In particular, due to variations in rotor outer diameter and pump housing inner diameter accuracy, as shown in FIG.
When the center deviation amount L of the center 02 of the rotor 17 assembled with respect to the normal eccentric center 01 of the rotor 17 is present, the thickness of the coating layer 51 is increased by pressing against the inner peripheral surface of the pump housing 10. The outer periphery of the coating layer 51 changes plastically into a film t1-t2,
It becomes a concentric circle with respect to the rotation center of 17 and the above-mentioned center deviation amount L
To ensure that the seal section 50 has a minimum proper clearance.
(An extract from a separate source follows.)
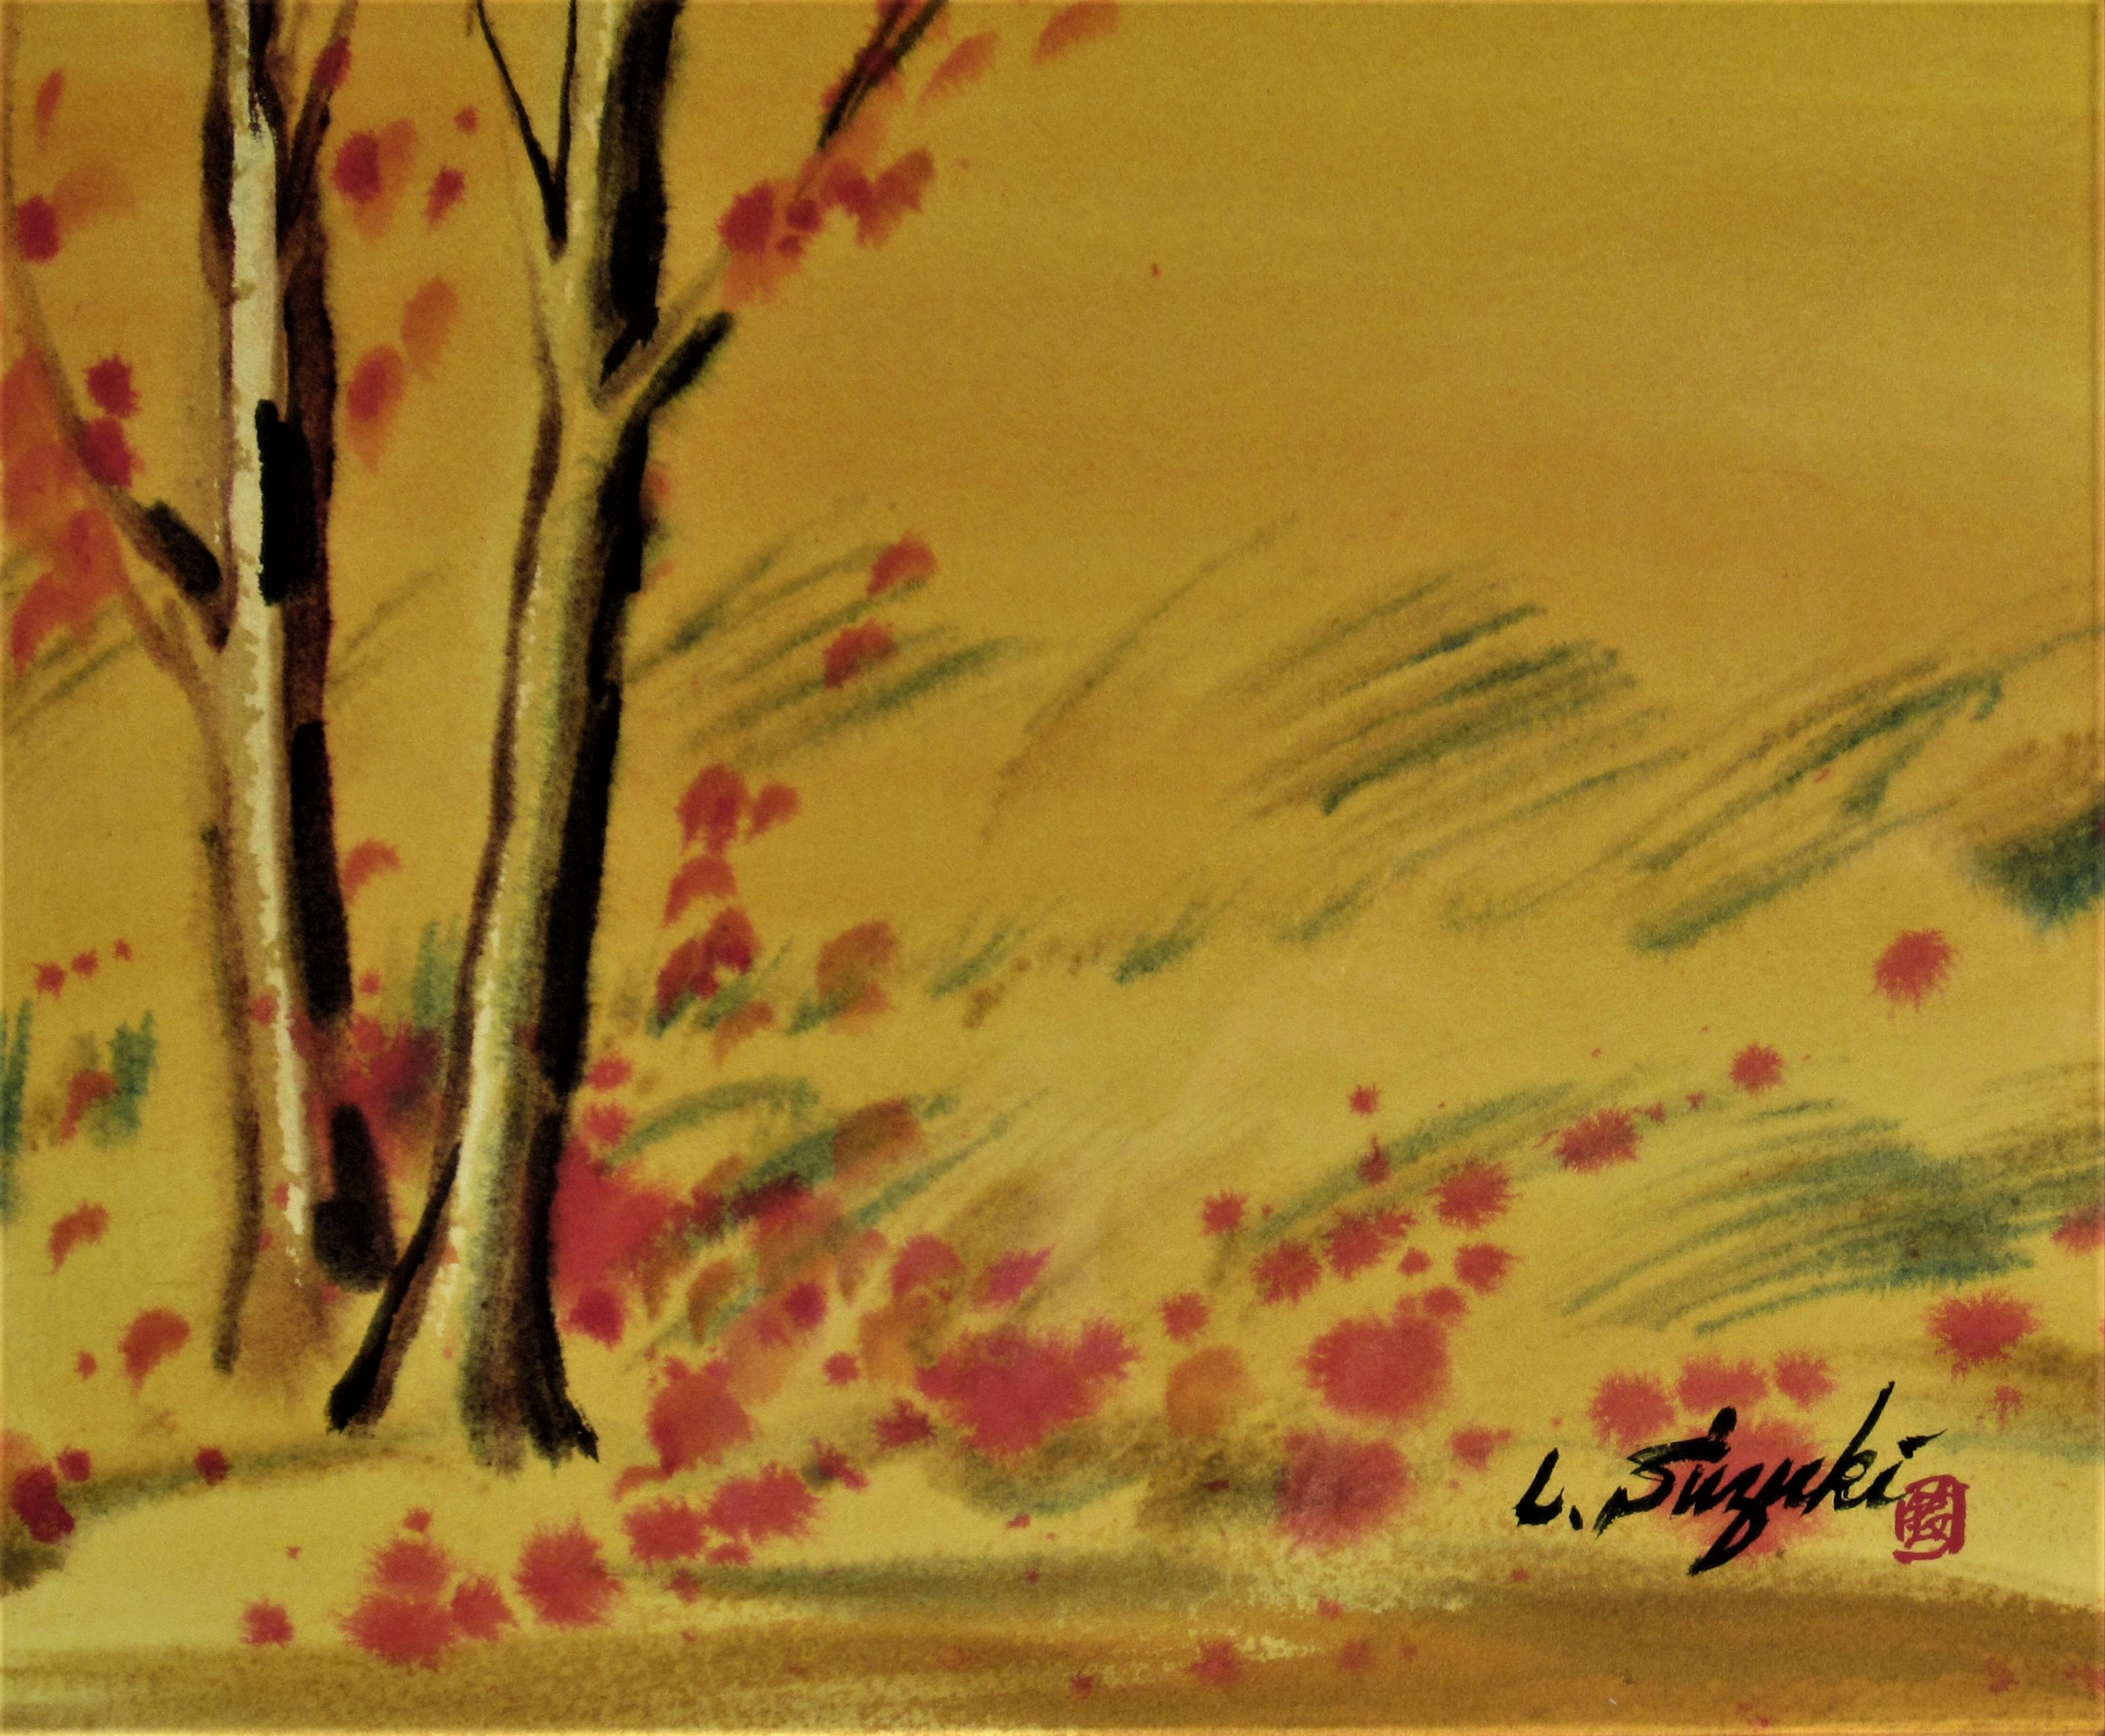 Landscape with Barn - Impressionist Art by Lewis Suzuki

<Effects of the Invention> As described above, according to the present invention, in a pump configured to perform the functions of a vacuum and a compressor in one rotation plane, since a plastic film layer is formed on the outer periphery of the rotor, Even if there is some variation in the accuracy of each part, the clearance of the seal section is corrected to the minimum by plastic change due to the initial adaptation of the coating layer to the pump housing, pump performance is improved, and the coating layer improves seizure resistance. It has a great effect.
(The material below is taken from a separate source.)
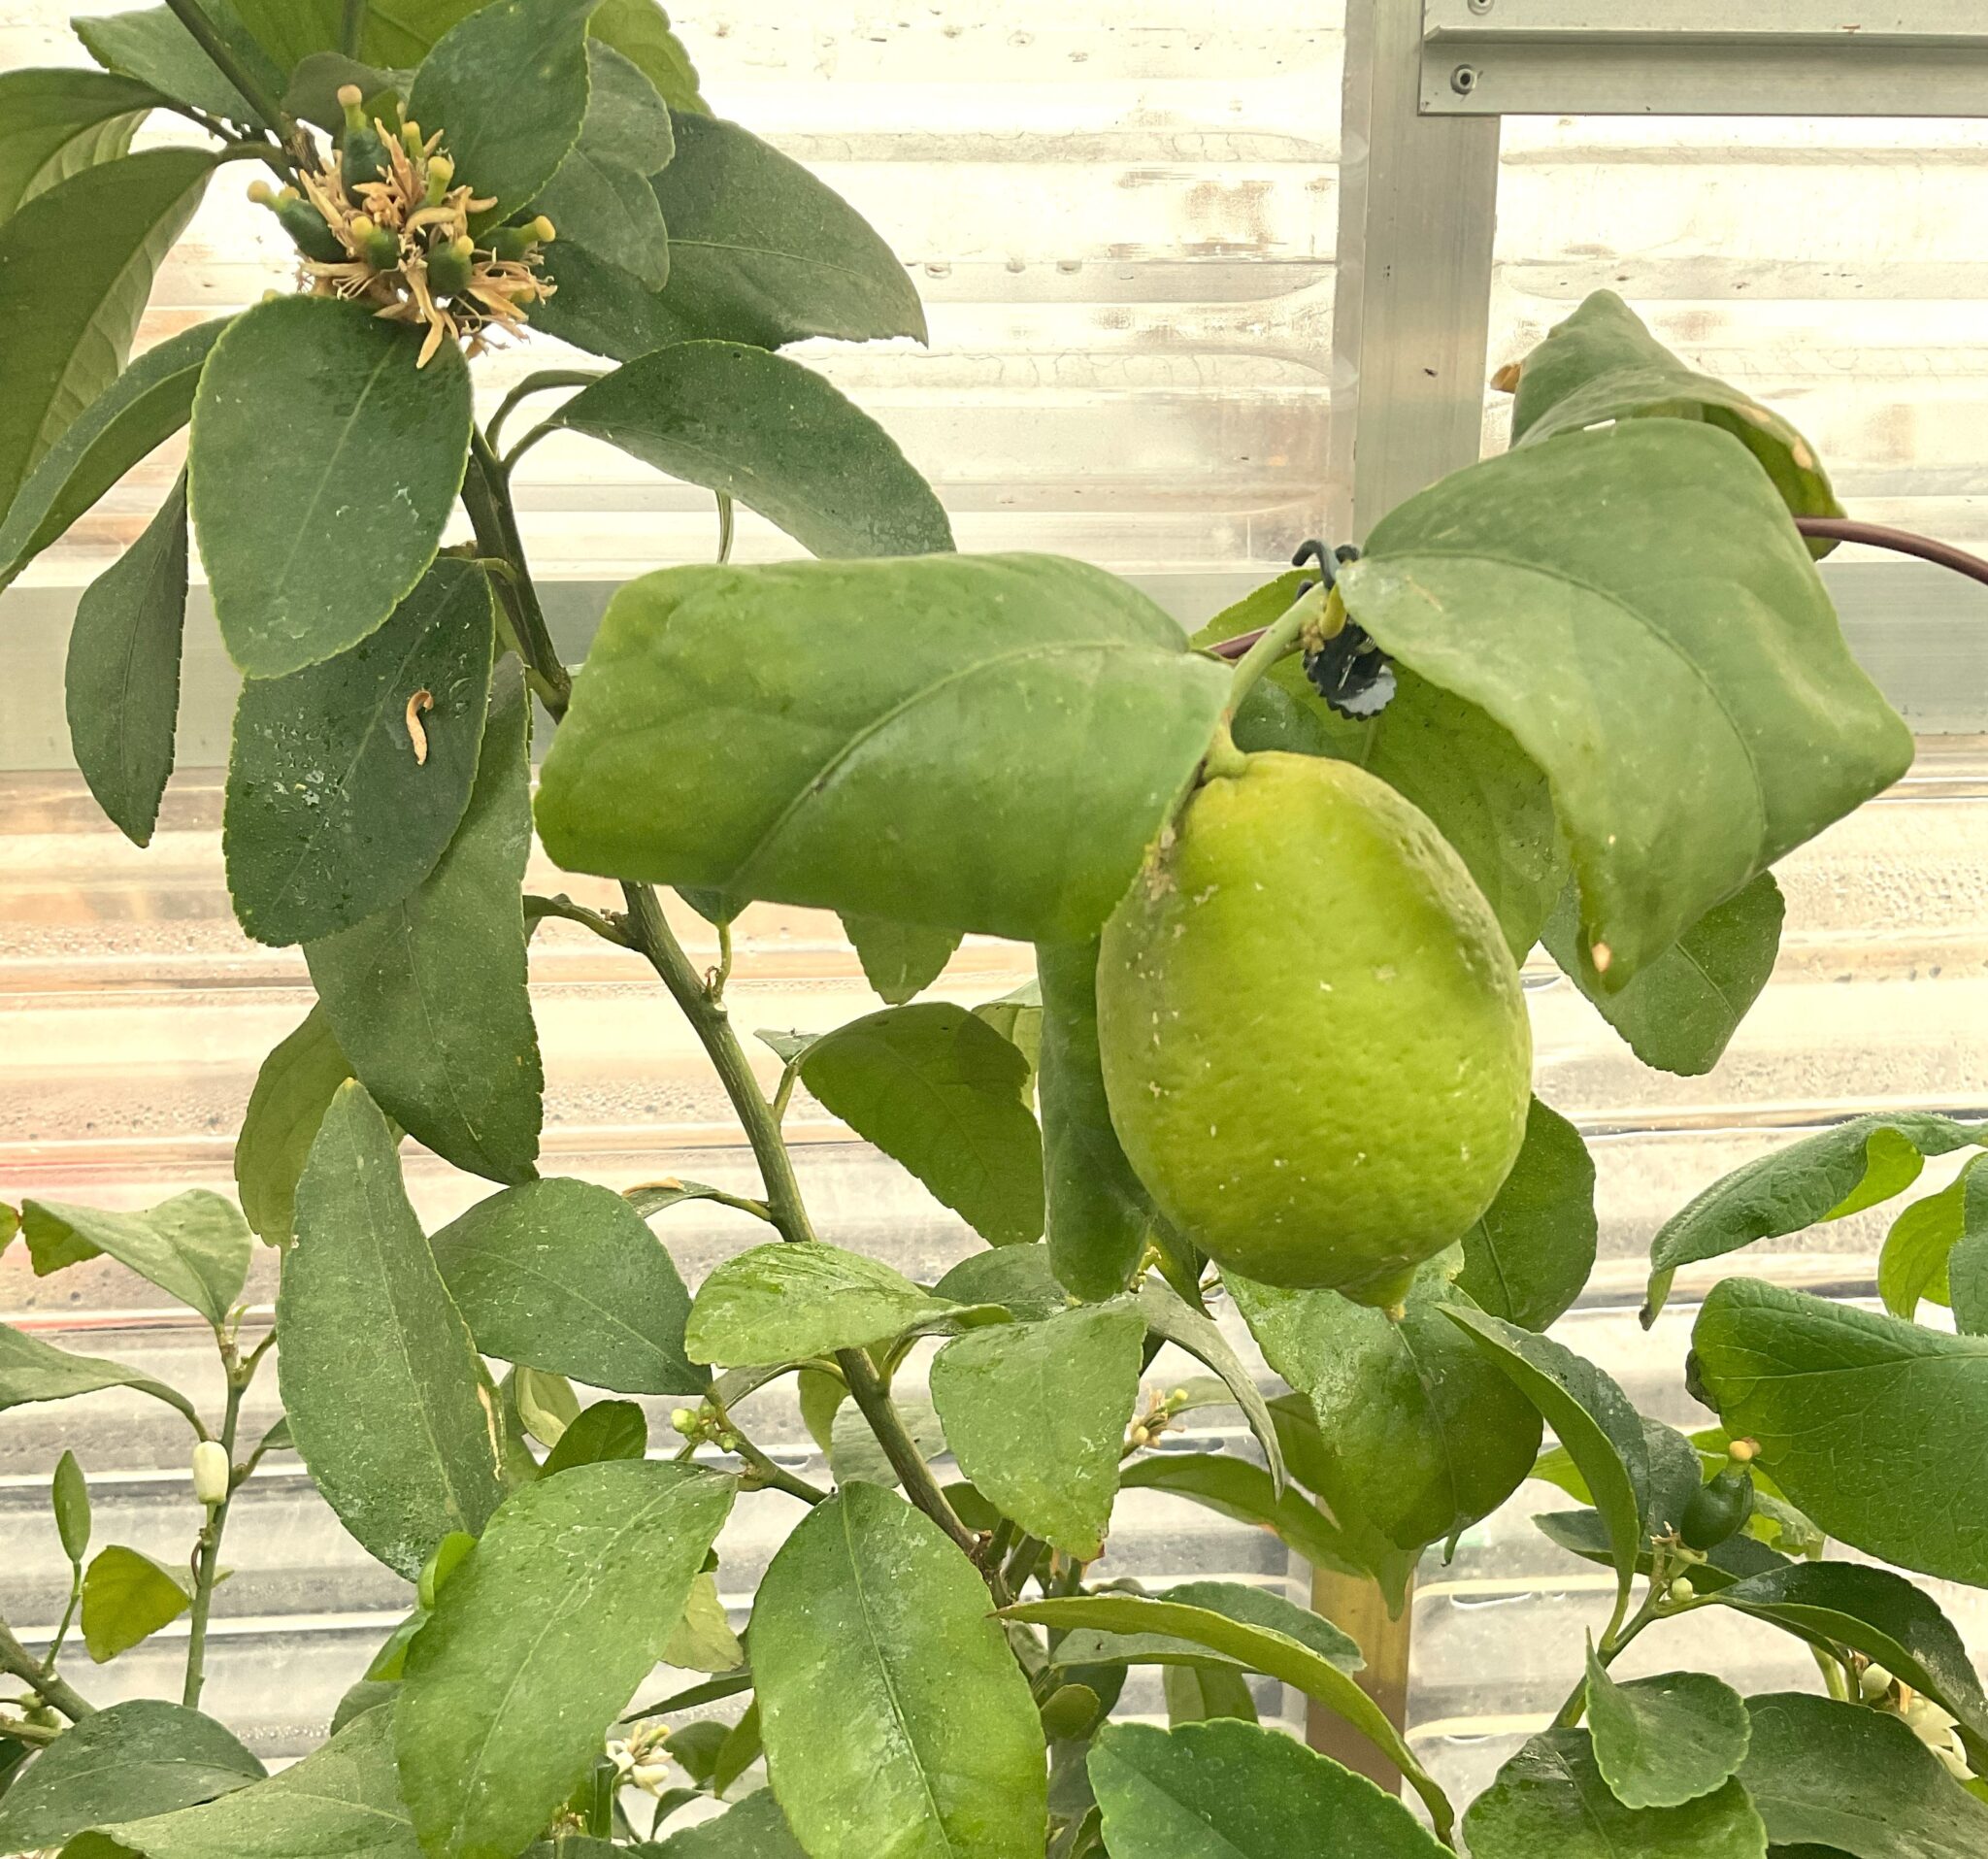 Growing a Lemon tree inside a sunglo greenhouse

[Brief description of the drawings]

The drawings show an embodiment of the present invention, and FIG.
FIG. 2 is a sectional view taken along the line II-II of FIG. 1, and FIG. 10 Pump housing, 11 Hollow hole, 15 Rotary shaft, 17 Rotor, 18 Vane, 23 Pump chamber, 31
... vacuum suction port, 33 ... compressor discharge port, 50 ... seal section, 51 ... coating layer.

Continuation of the front page (58) Field surveyed (Int. Cl. ⁶ , DB name) F04C 18/344 351 F04C 25/02 F04C 23/00

Claims (1)

(57) [Claims] A rotor is rotatably housed in a pump housing, and a plurality of vanes are provided on a circumference of the rotor so as to be slidable in a radial direction, and are formed between the pump housing and the rotor by the vanes. The formed crescent-shaped space is divided into a plurality of pump chambers on the circumference, and a vacuum suction port is opened at the start end of the expansion pump chamber whose volume increases due to the rotation of the rotor, and at the end of the expansion pump chamber. A pump in which a compressor suction port is opened and a compressor discharge port is opened at an end of a contraction pump chamber whose volume is reduced by rotation of the rotor, wherein a plastic coating layer is formed on an outer periphery of the rotor. Multifunctional pump.